- [What the task asks] Starting with the line with "Digitized page of" in the entries below and going on through the line with "Know Your Own State- North Carolina", output every line exactly and nothing more. No pictures.

- [Supplied entries]
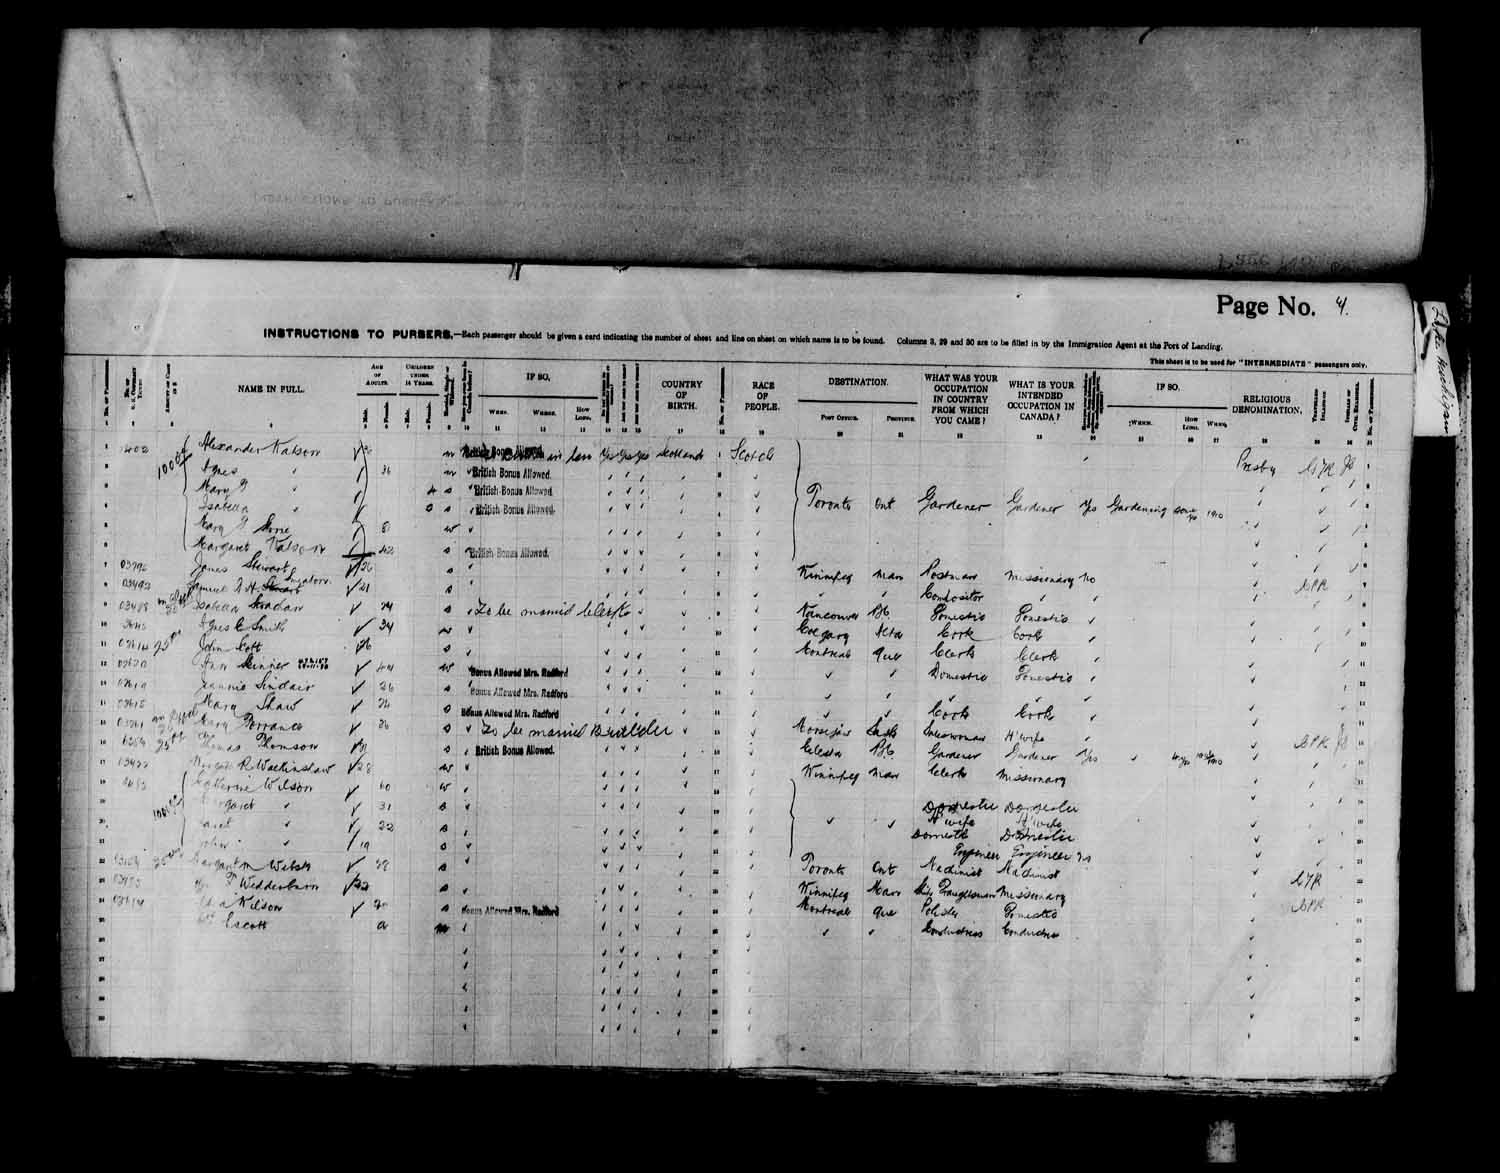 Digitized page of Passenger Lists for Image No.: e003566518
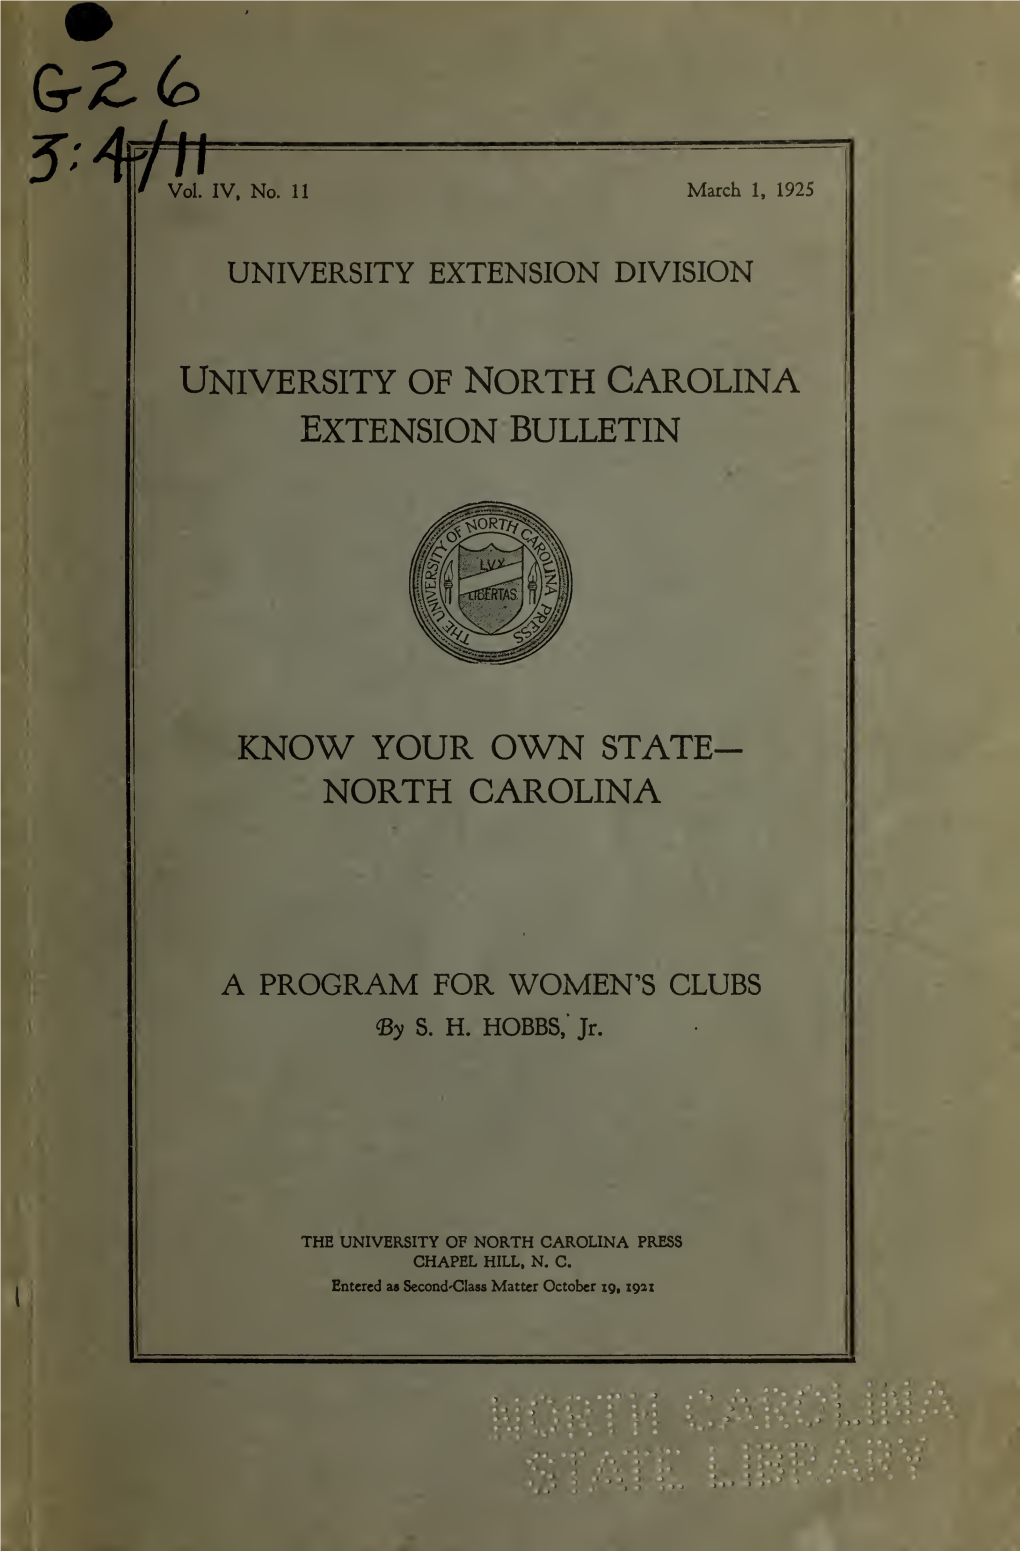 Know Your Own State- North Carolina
...
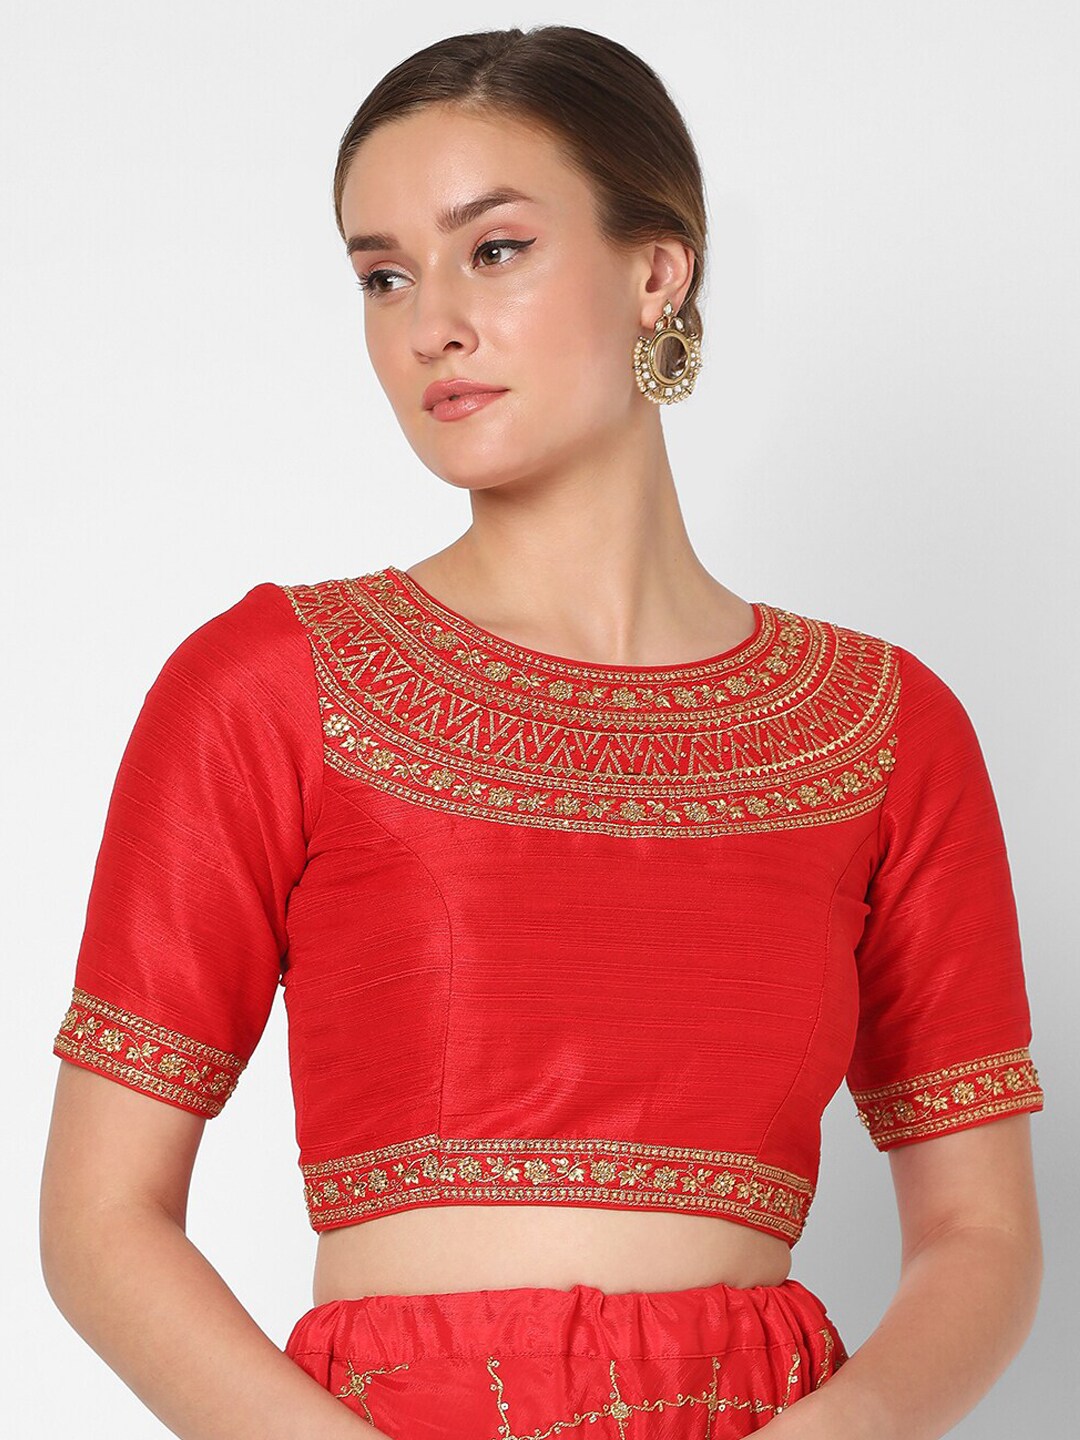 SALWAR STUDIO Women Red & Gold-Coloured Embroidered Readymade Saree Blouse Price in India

- [Answer section]
 Digitized page of Passenger Lists for Image No.: e003566518
 Know Your Own State- North Carolina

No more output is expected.